## Task directions
The exercise calls for the lines from the one containing "Covercraft Custom Fit" to the end of the data below to be output exactly, pictures excluded.

## Data
⟨
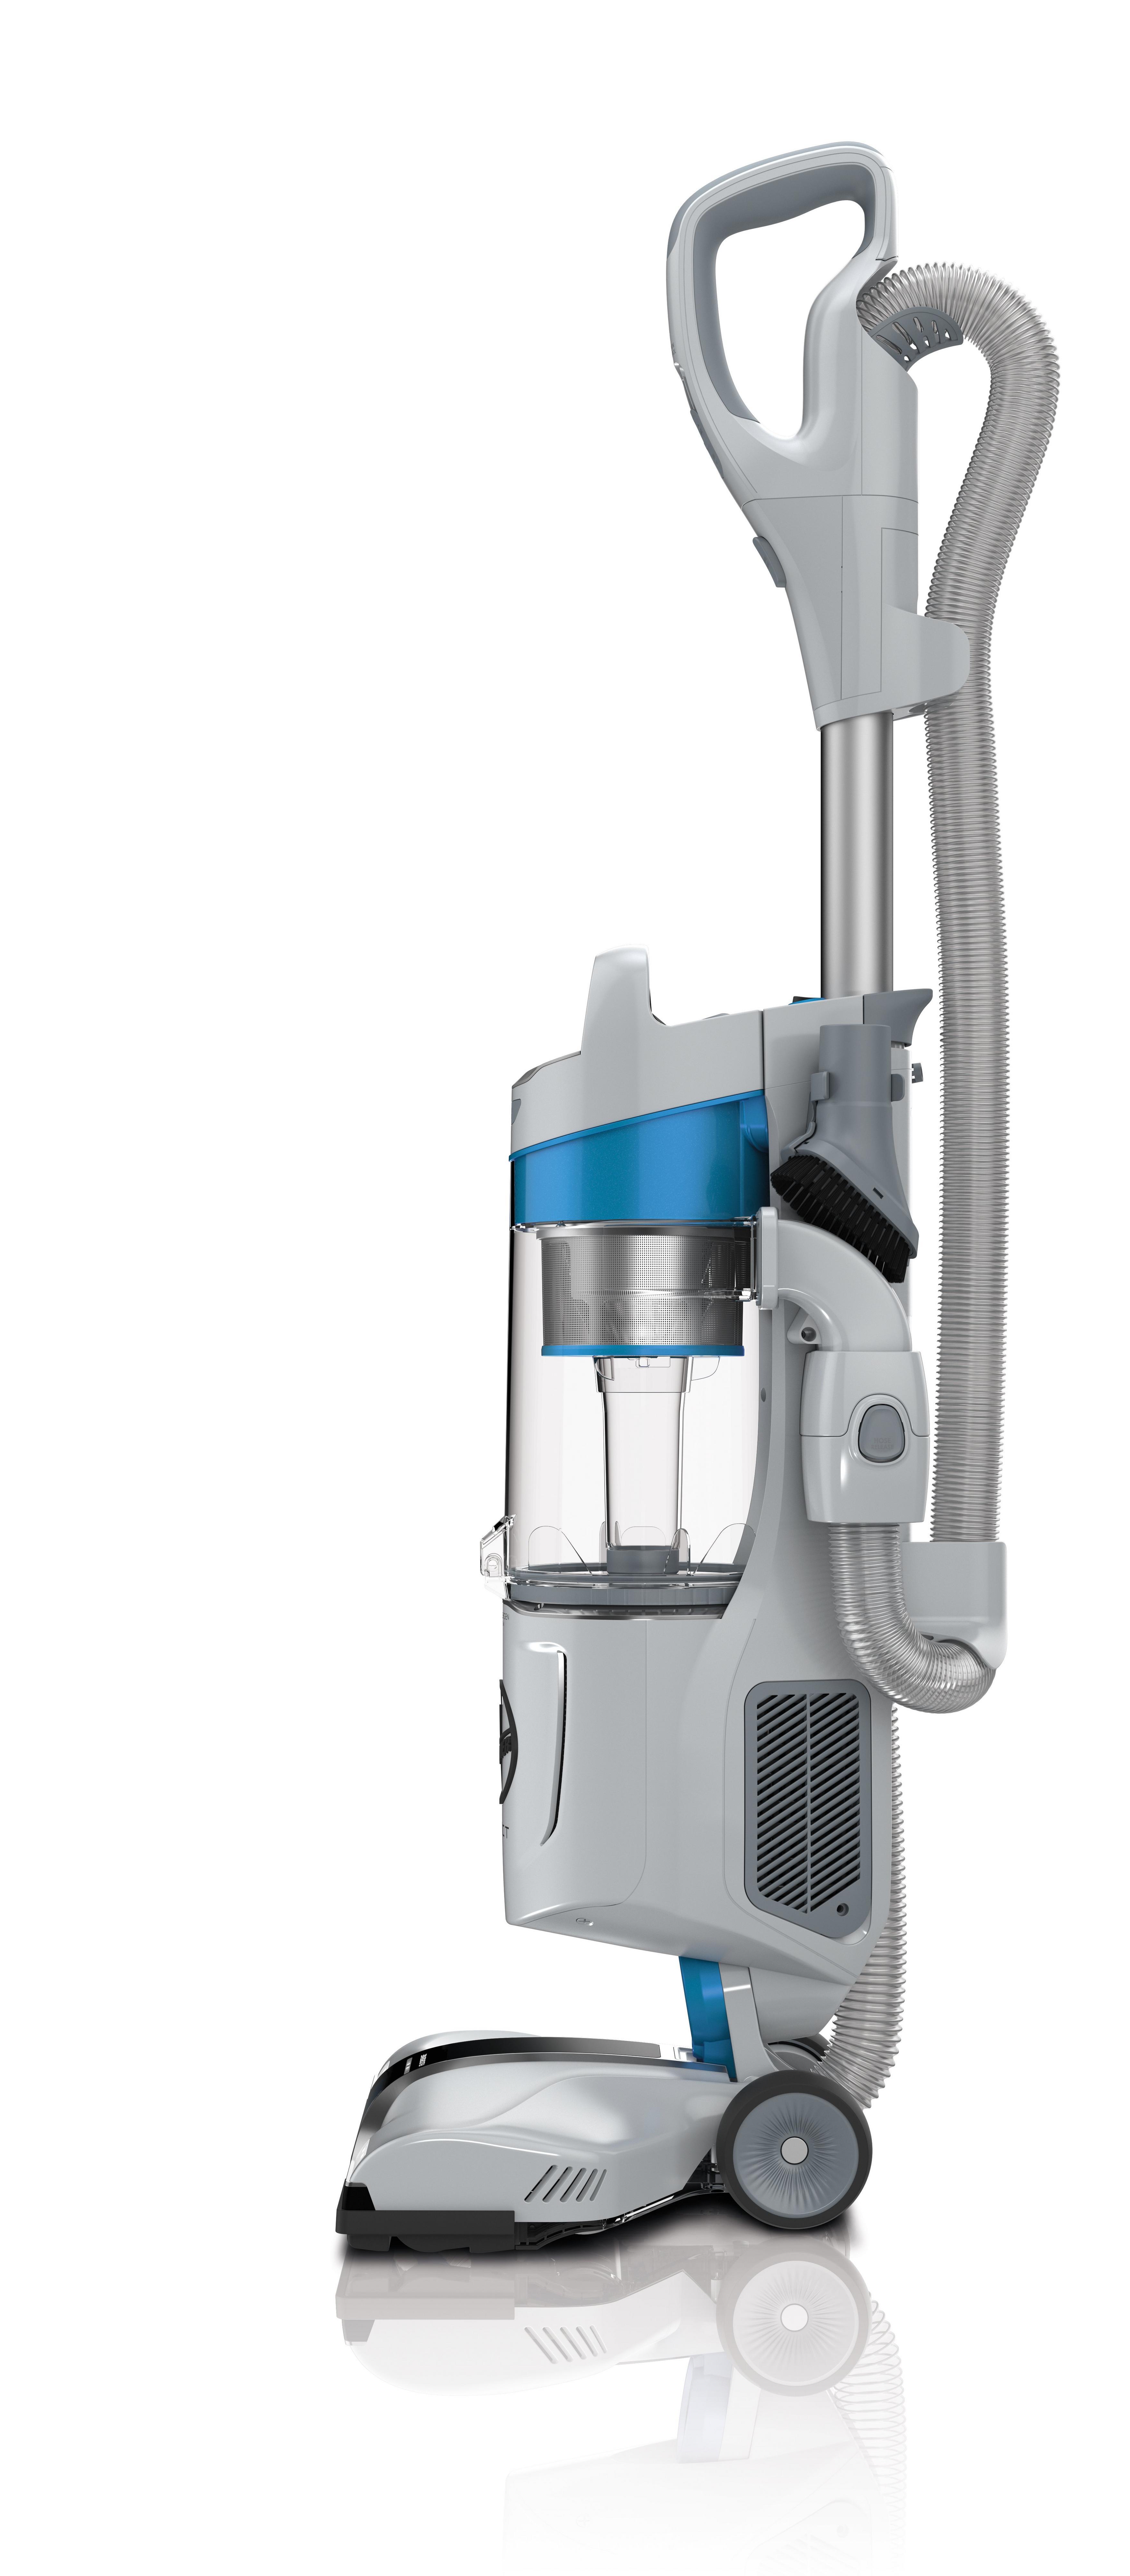 REACT Upright Vacuum12
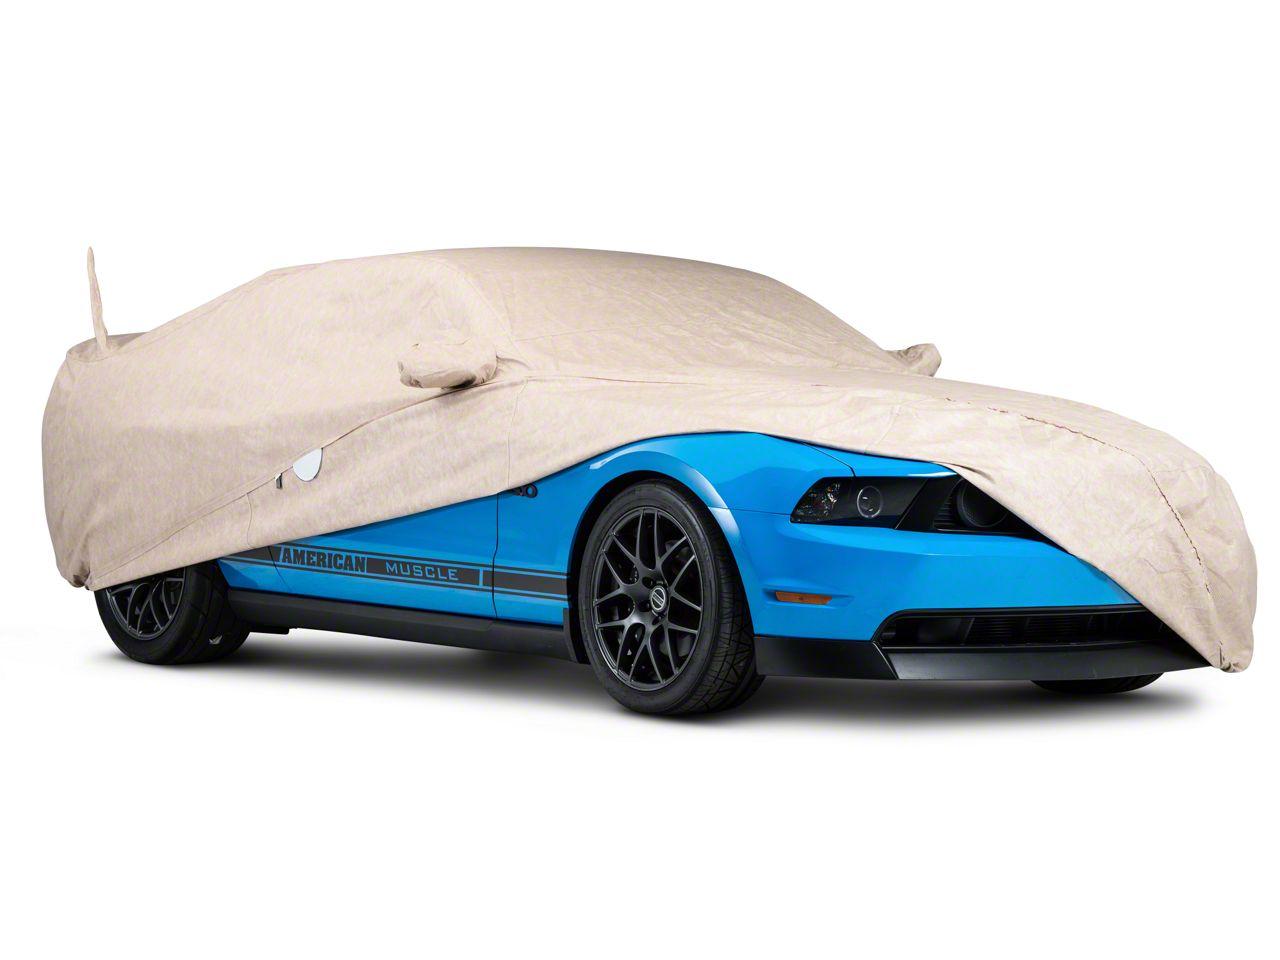 Covercraft Custom Fit Car Cover for Select Austin Healy Models FS44F5 Fleeced Satin Black
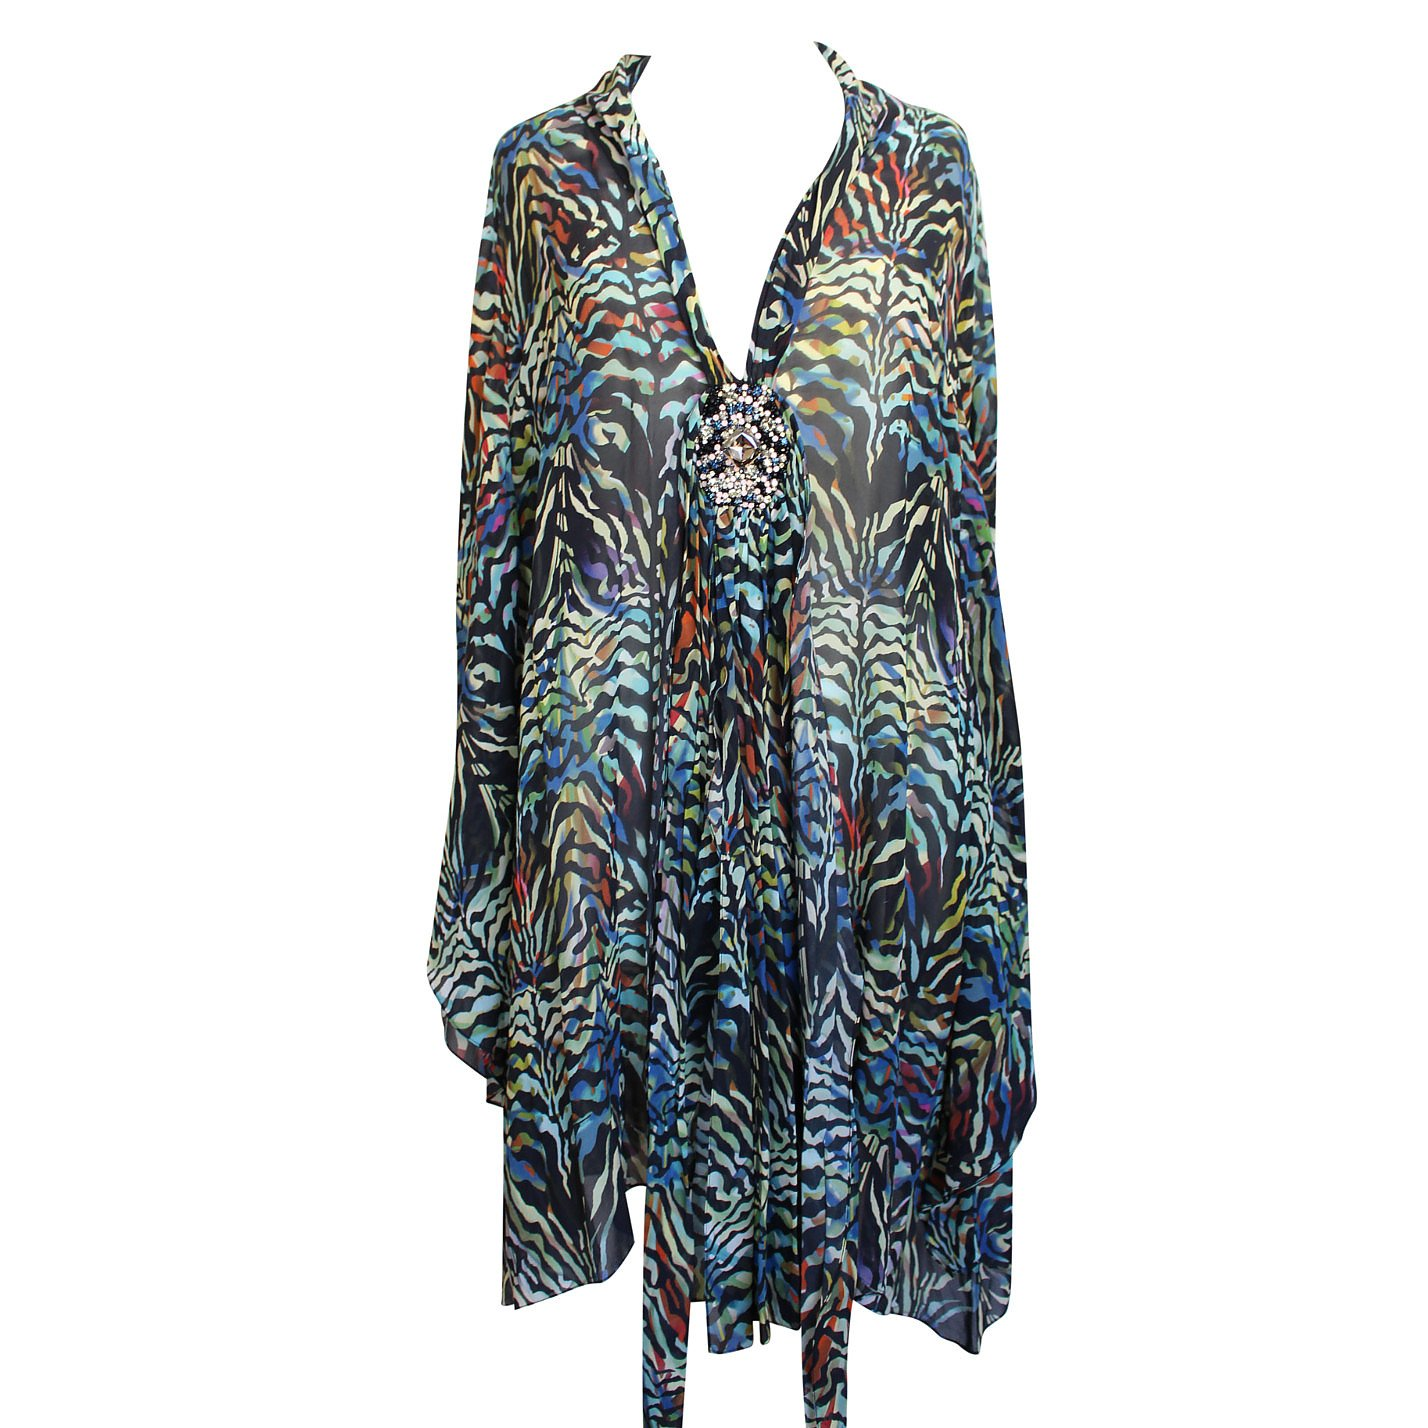 Matthew Williamson Sheer Multicolour Printed Dress
⟩
## Exercise answer
 Covercraft Custom Fit Car Cover for Select Austin Healy Models FS44F5 Fleeced Satin Black
 Matthew Williamson Sheer Multicolour Printed Dress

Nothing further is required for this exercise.